(Source data begins)
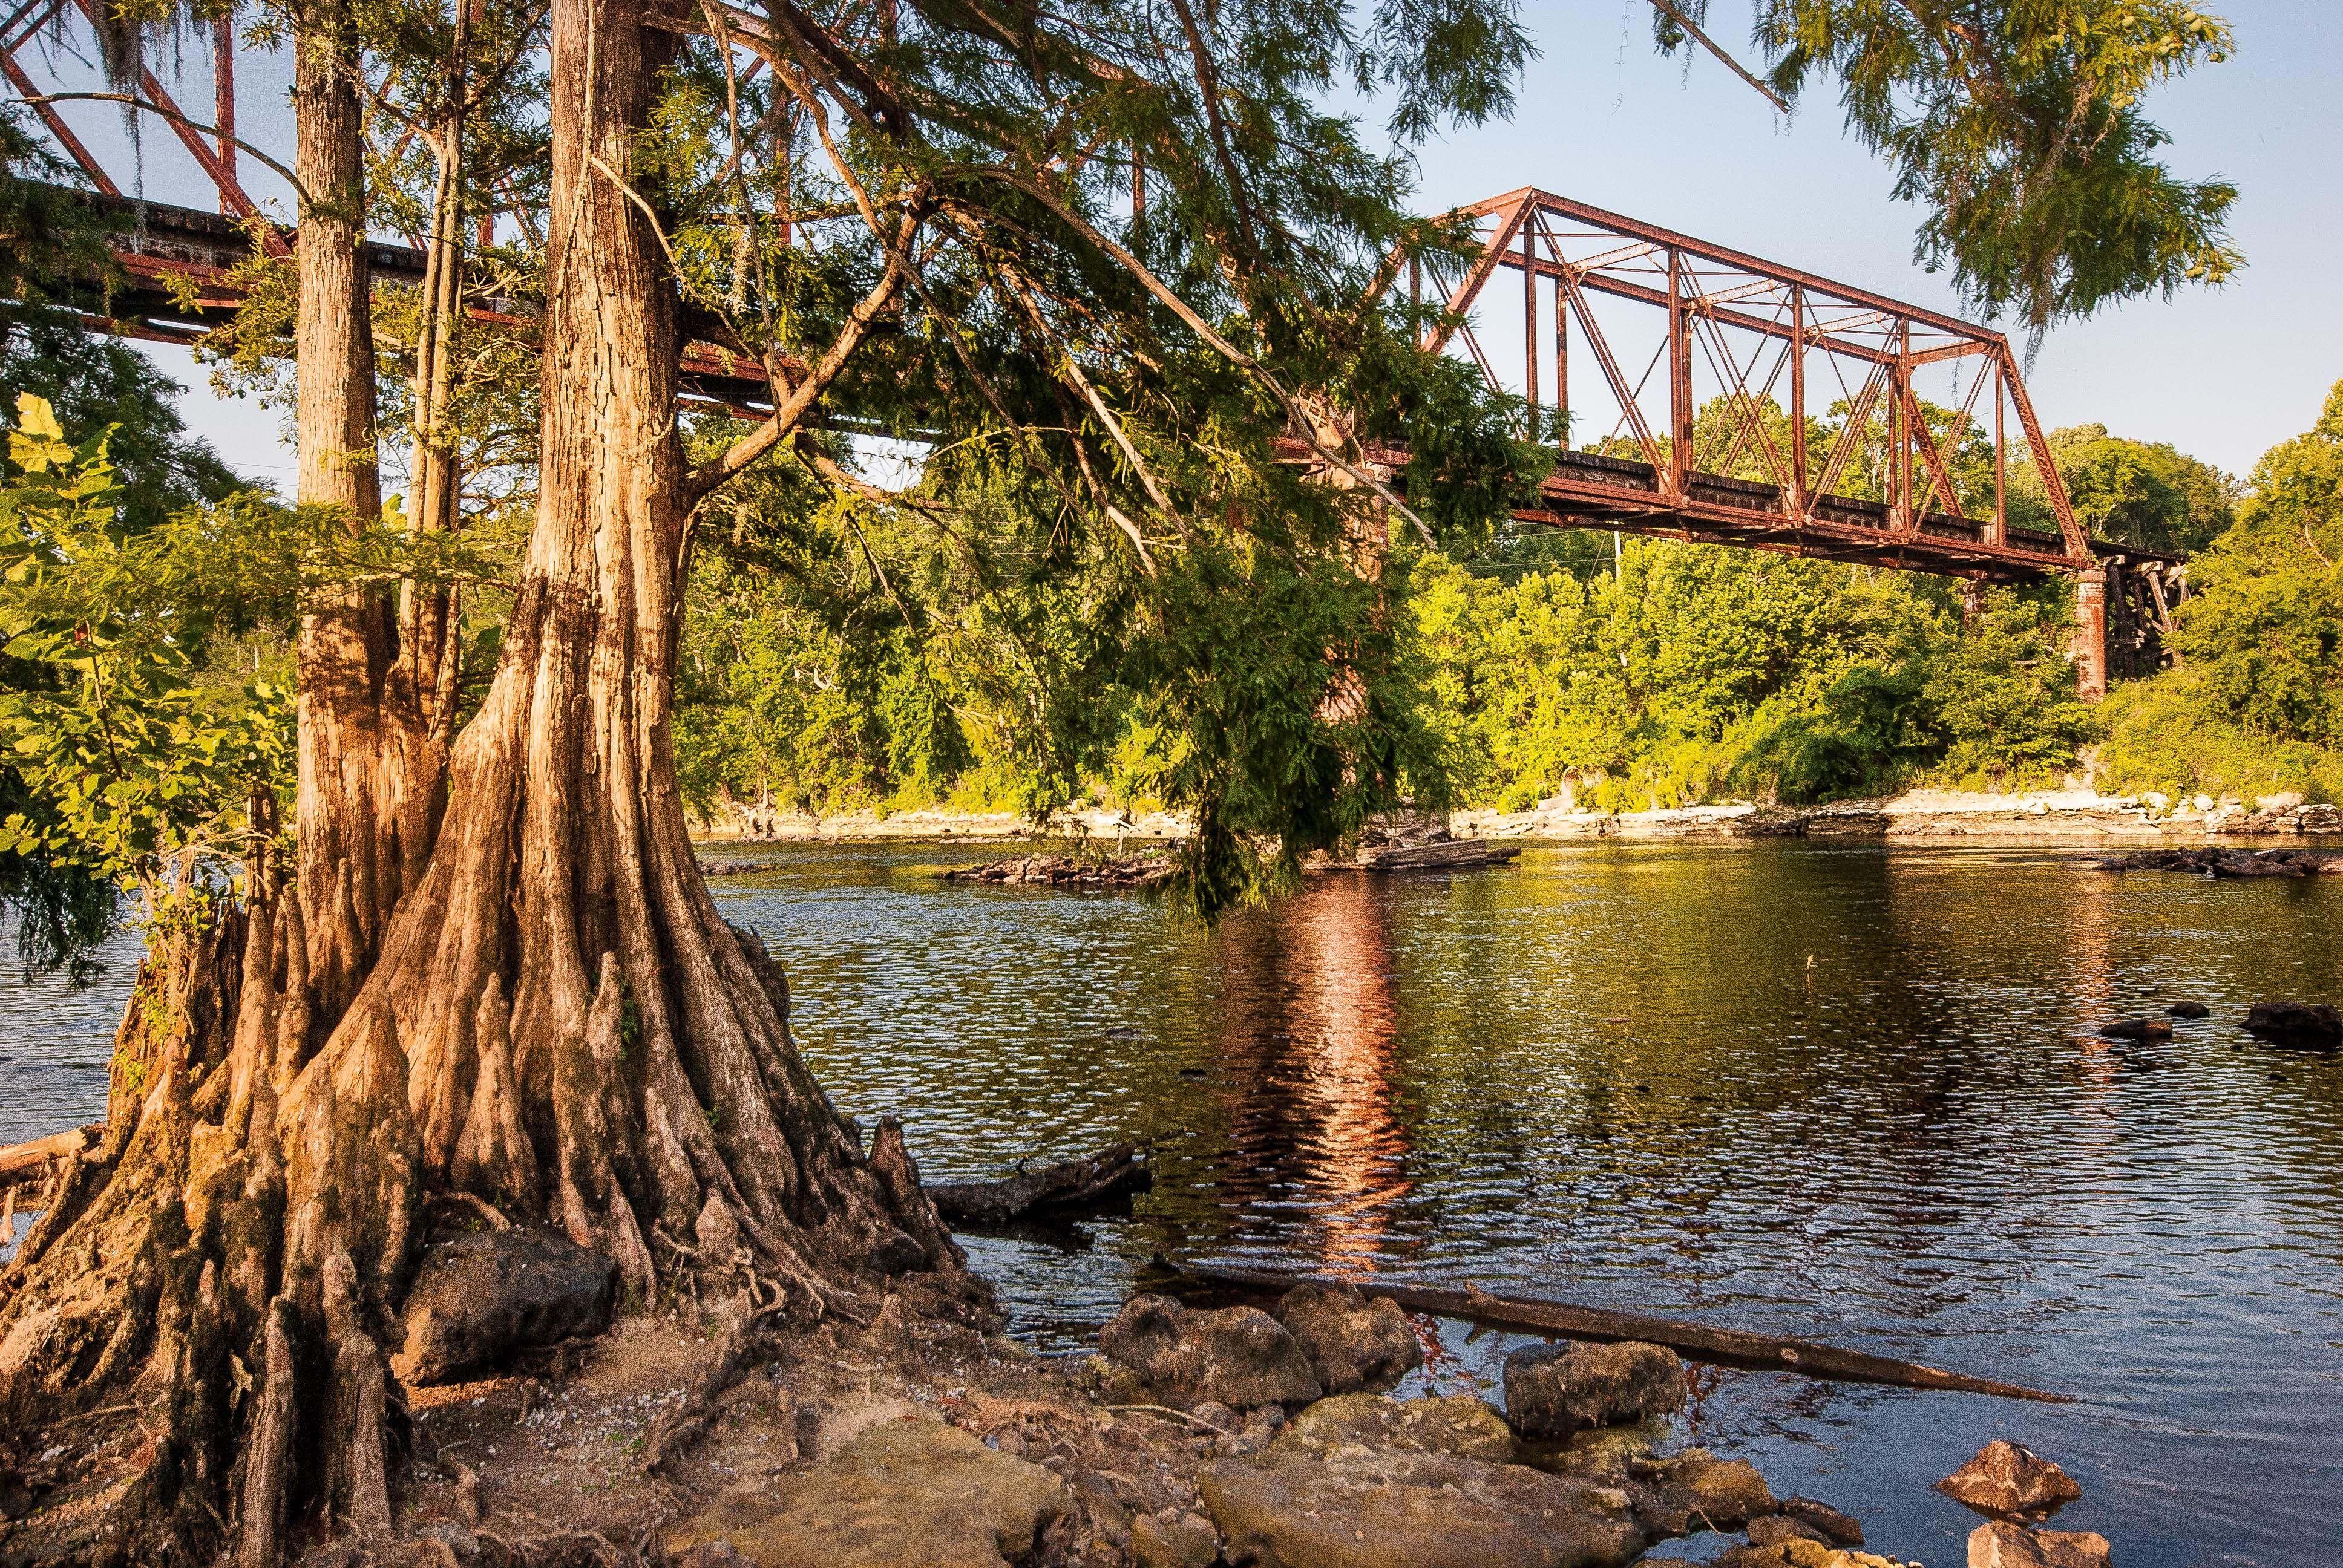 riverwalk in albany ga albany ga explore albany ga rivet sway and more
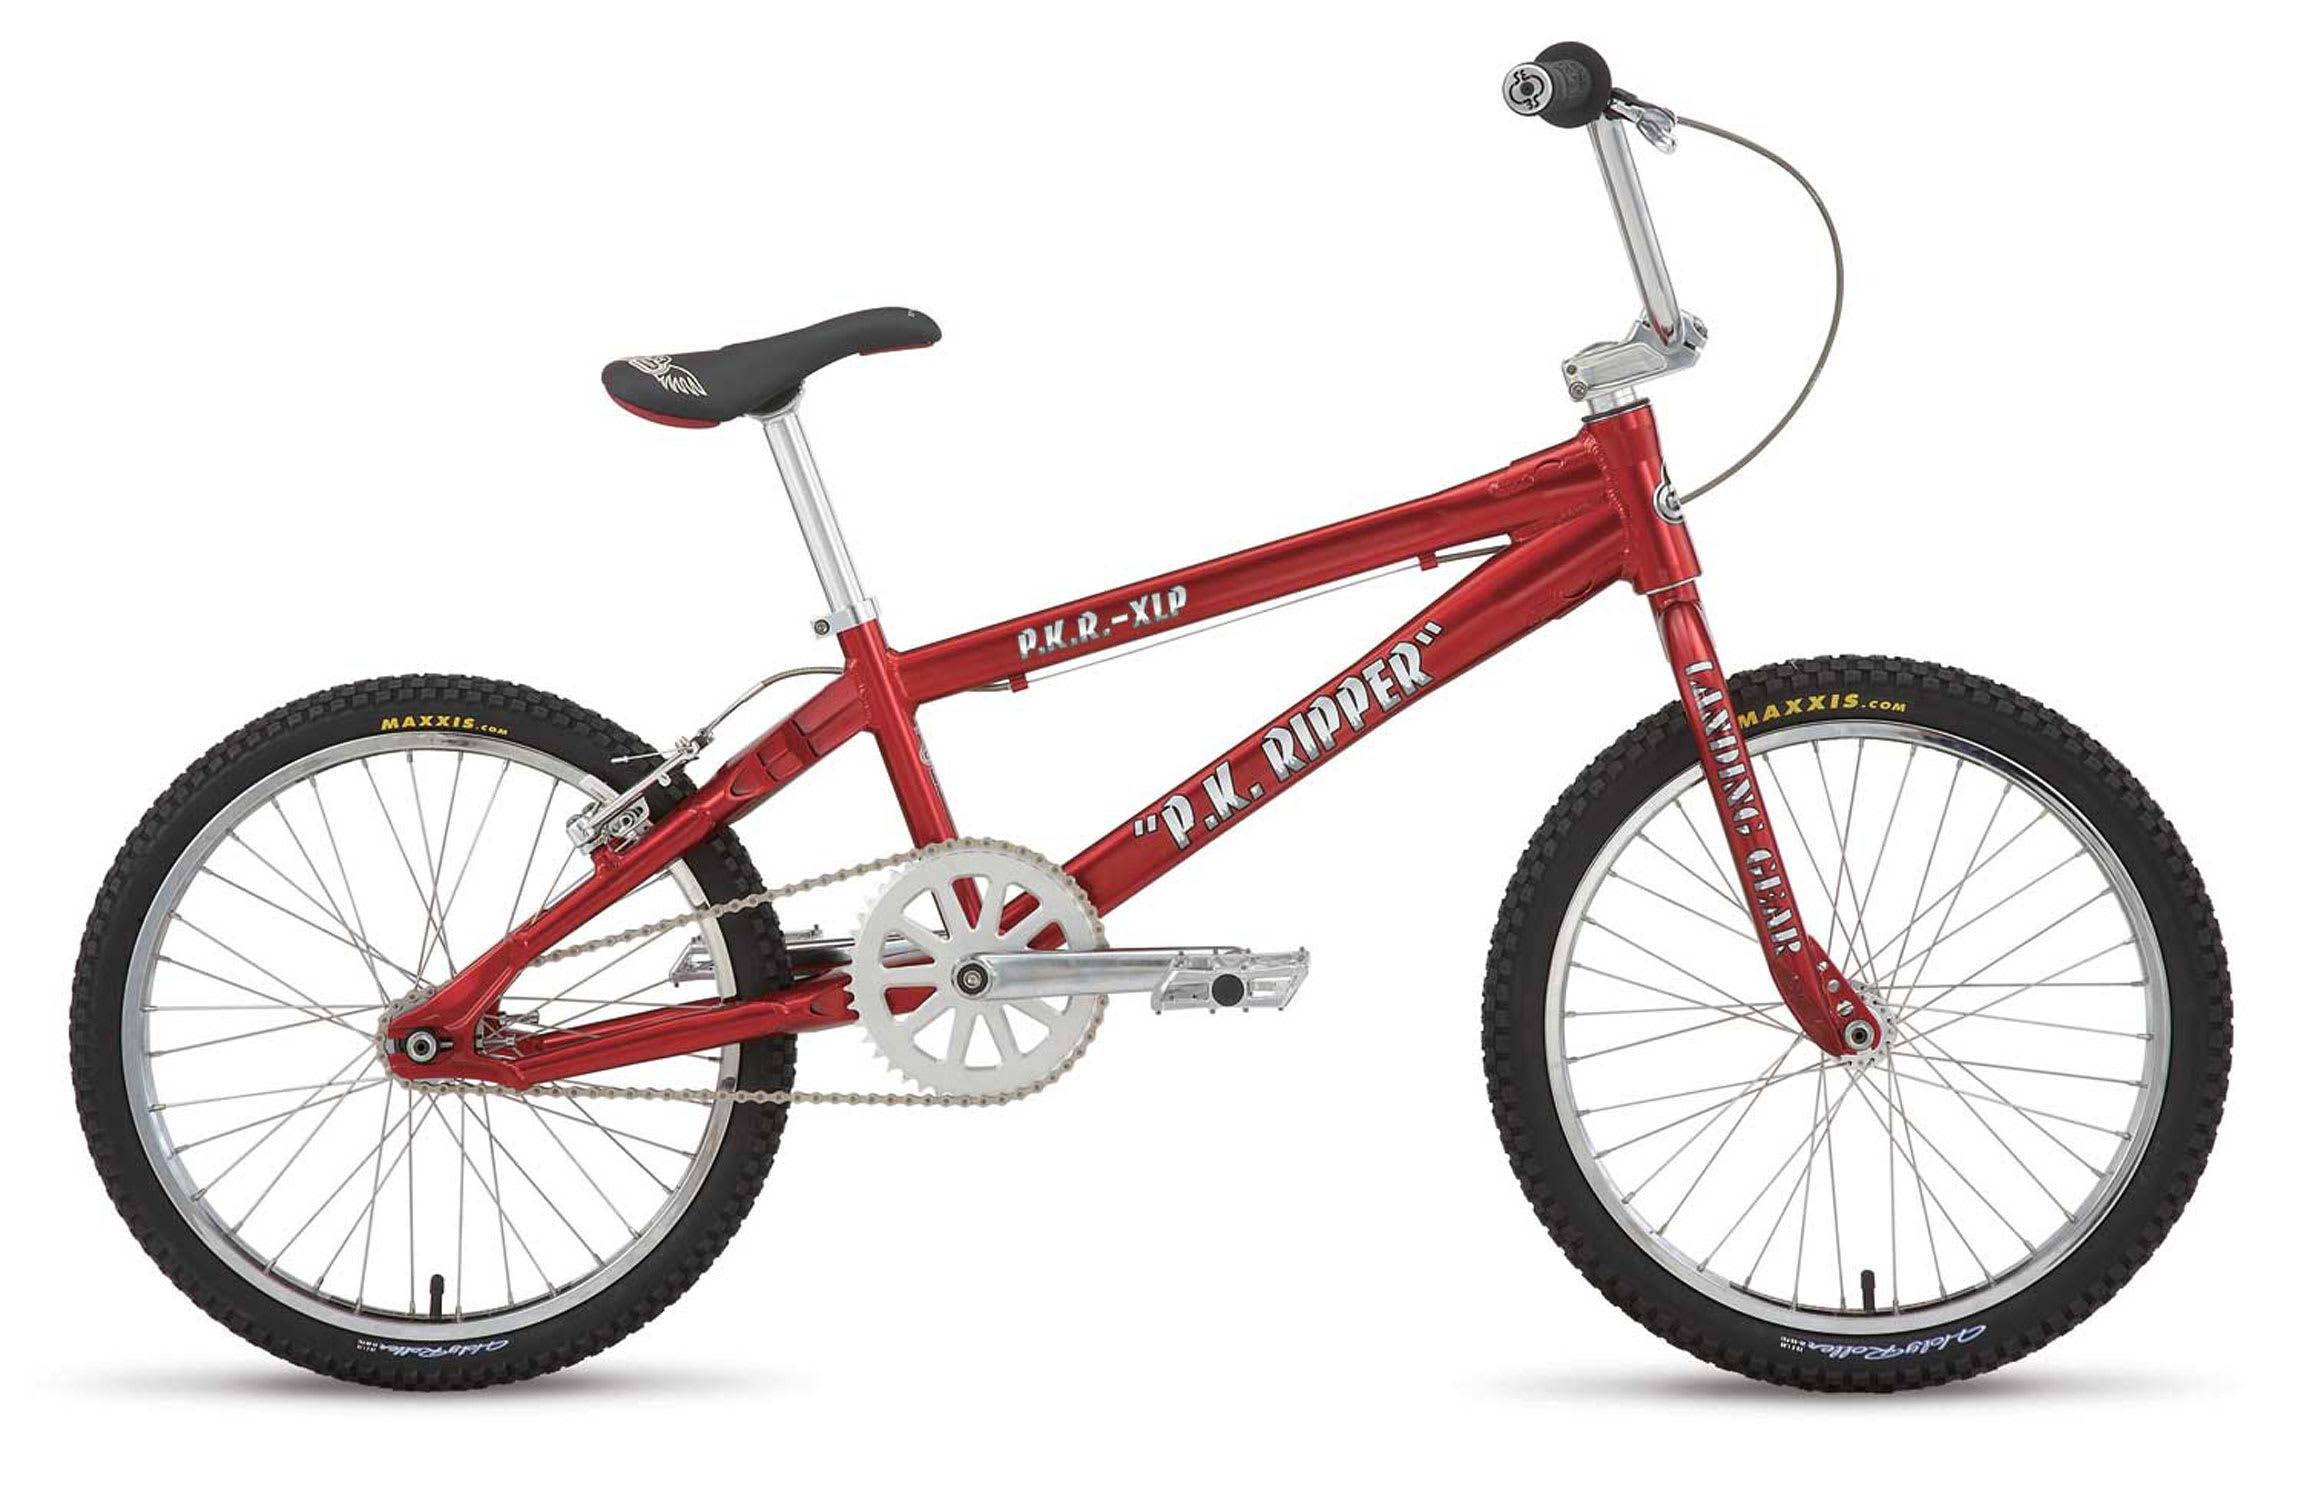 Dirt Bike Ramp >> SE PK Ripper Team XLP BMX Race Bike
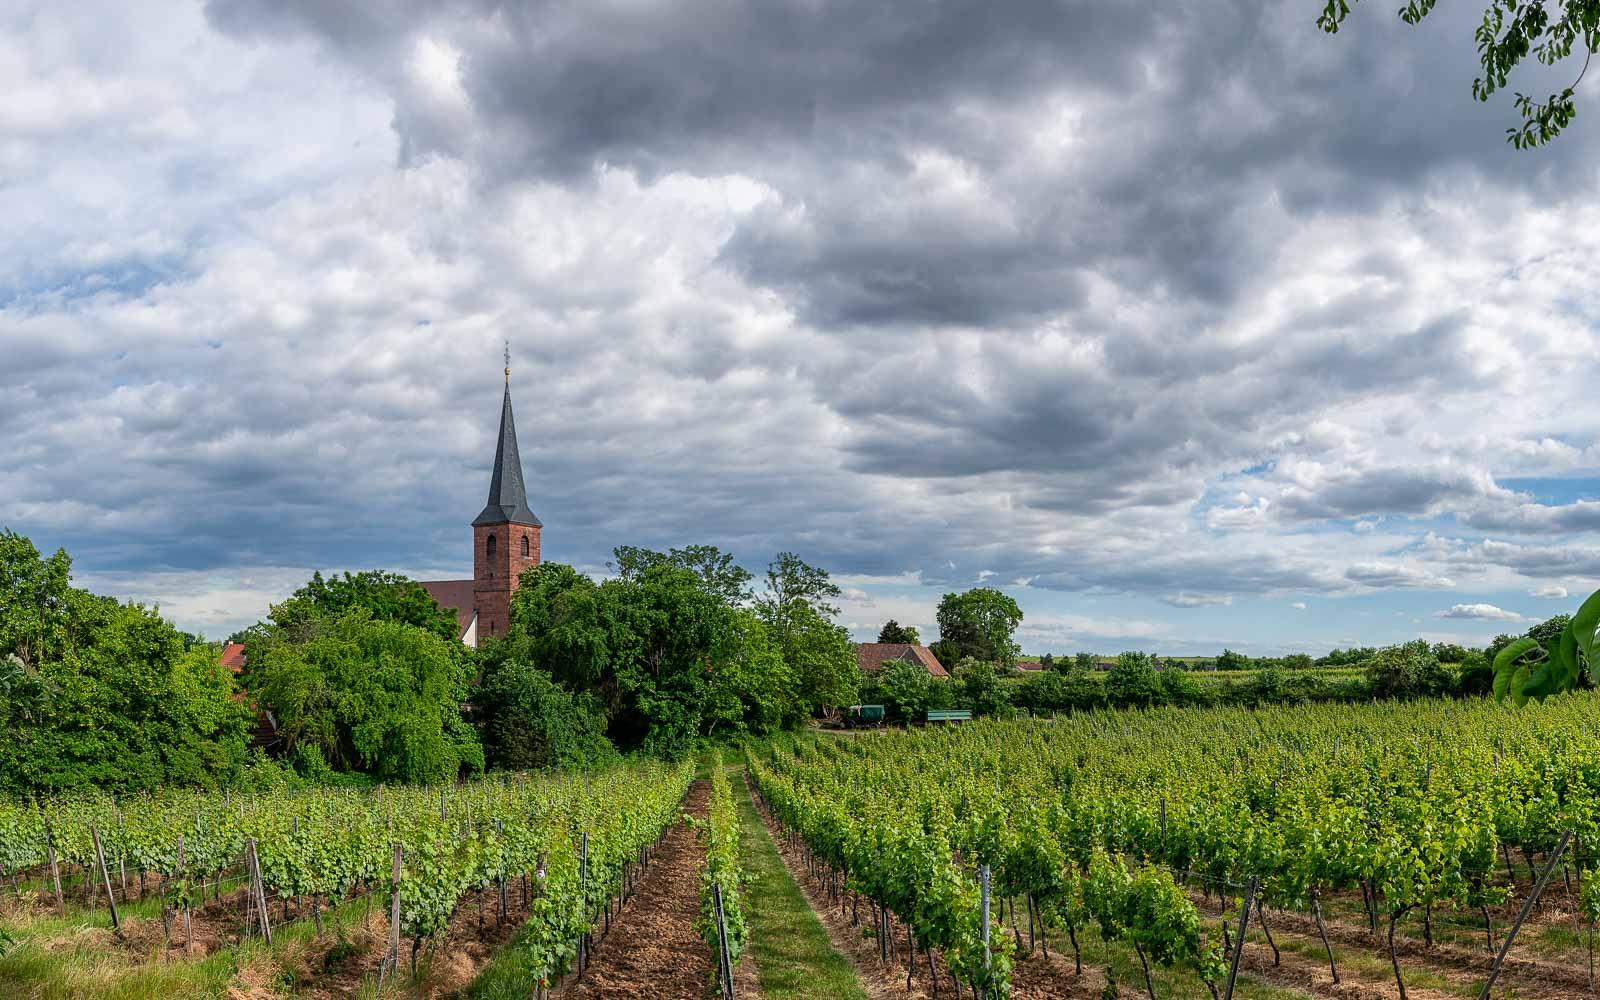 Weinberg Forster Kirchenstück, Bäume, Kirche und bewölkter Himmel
(Source data ends)
**What to work on:**
Return the whole listing word for word, minus its pictures.

**Answer for the task:**
 riverwalk in albany ga albany ga explore albany ga rivet sway and more
 Dirt Bike Ramp >> SE PK Ripper Team XLP BMX Race Bike
 Weinberg Forster Kirchenstück, Bäume, Kirche und bewölkter Himmel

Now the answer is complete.